S&P Sees Risks in Glass-Steagall Reform

Broad reforms in the 62-year-old Glass-Steagall Act will pose new challenges for commercial banks, Standard & Poor's Ratings Group said.

In a report on proposed legislation to lower the barriers between banking and securities businesses, S&P concluded that "it seems to make sense to merge" the institutional structures of banks and securities firms.

But a wave of mergers between banks and brokerages would increase financial risk and could precipitate downgrades, S&P said.

Corporate culture would also be an issue, the report said.

Even though bank-owned retail brokerages would seem to be a natural extension of their mutual fund businesses, "banks face inevitable friction in managing such retail brokerage networks, because the incentives that make active sales networks thrive can be alien in bank cultures," said Tanya Azarchs, a financial institutions director at S&P.

Ms. Azarchs noted that commercial banks can already underwrite securities and offer insurance and mutual fund products. "Some banks probably will acquire regional brokerages for their expertise. Others probably will be attracted to the institutional brokers," she said.

S&P said a universal banking model applied in the U.S. markets would mirror the British approach of compartmentalizing activities into separate subsidiaries, in contrast with the German approach, under which commercial and investment banks are integrated.

The implications of reform could be even more troublesome for insurers, S&P said.

If insurance powers for banks remain on the reform agenda, insurance companies specializing in standardized products could face rating downgrades.

"Banks would present a formidable challenge to the insurance industry in the sale of commodity-like, low-value-added products such as single-premium deferred annuities, term life insurance, and, potentially, even such products as personal auto and homeowners insurance," said Mark Puccia, a director in S&P's Insurance Rating Services.

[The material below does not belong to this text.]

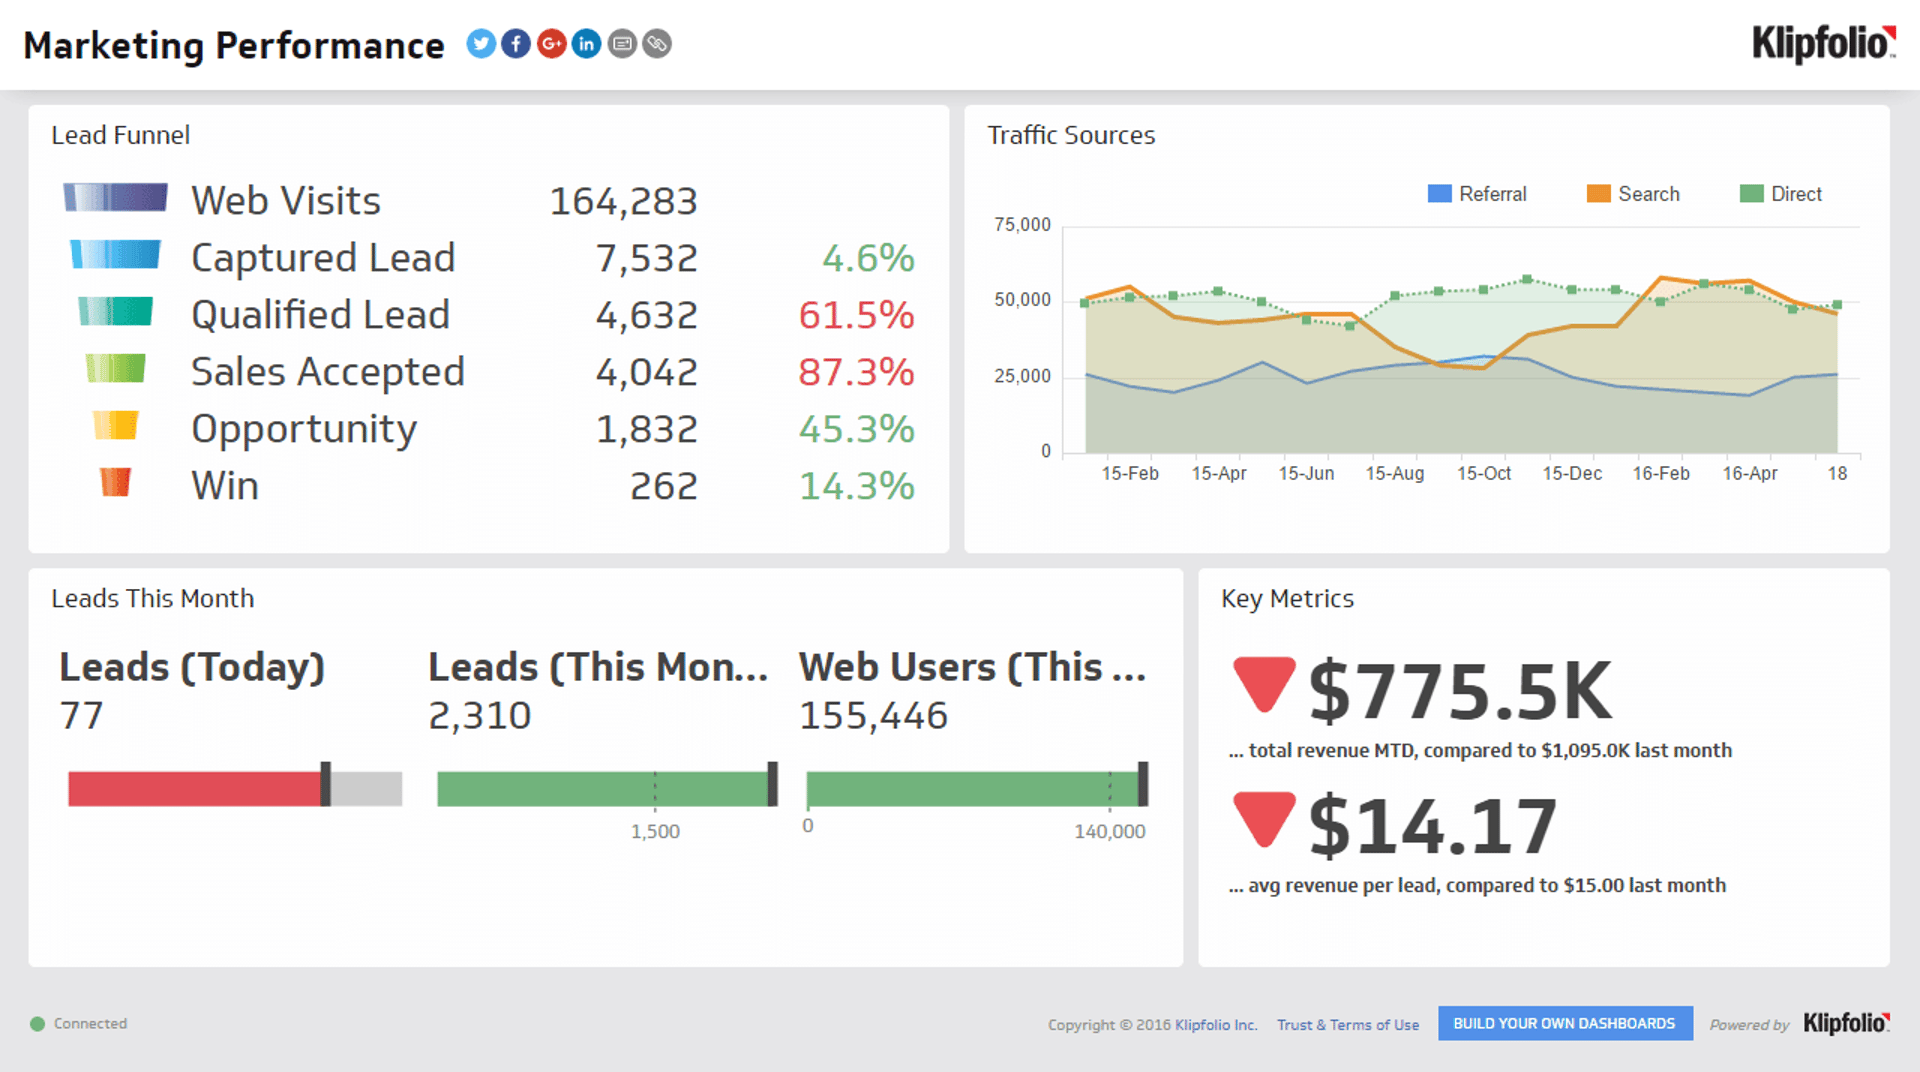 Related Dashboard Examples - Marketing Performance Dashboard

Insurers would benefit over the near term in situations where banks can sell insurance but not underwrite the policies themselves, Mr. Puccia said. In those circumstances, he said, insurers could take advantage of the banks' extensive, low-cost distribution channels.

But insurers face significant future risks if the bank distributor leaves and lapses increase.

"Some banks are exerting margin pressures on the insurers they do business with, asking for increased fees or commissions, seeking increased resources to service customers, and demanding competitive spreads," Mr. Puccia said.

The biggest risk for the insurance industry, S&P said, would come if banks were allowed to underwrite policies.

"The prospects for synergies among banks owning insurers are so attractive that consolidators that are looking for increased capital and distribution would find the prospect of a bank affiliation enticing.

"The risk comes when the new owner starts looking to increase market share," he said. "Inevitably, margin pressures will arise as banks begin to view insurance sales as a marginal cost activity and start pricing their products accordingly."

Nor does S&P expect that insurers would have an easy time owning banks. It found little evidence worldwide that they have been successful managing banks or brokerages.

"Canadian insurers have had a dismal record in acquiring and managing trust companies and several have had to take large writeoffs on these subsidiaries," Mr. Puccia said. "Likewise, there are few instances in Europe of insurance companies successfully managing bank operations."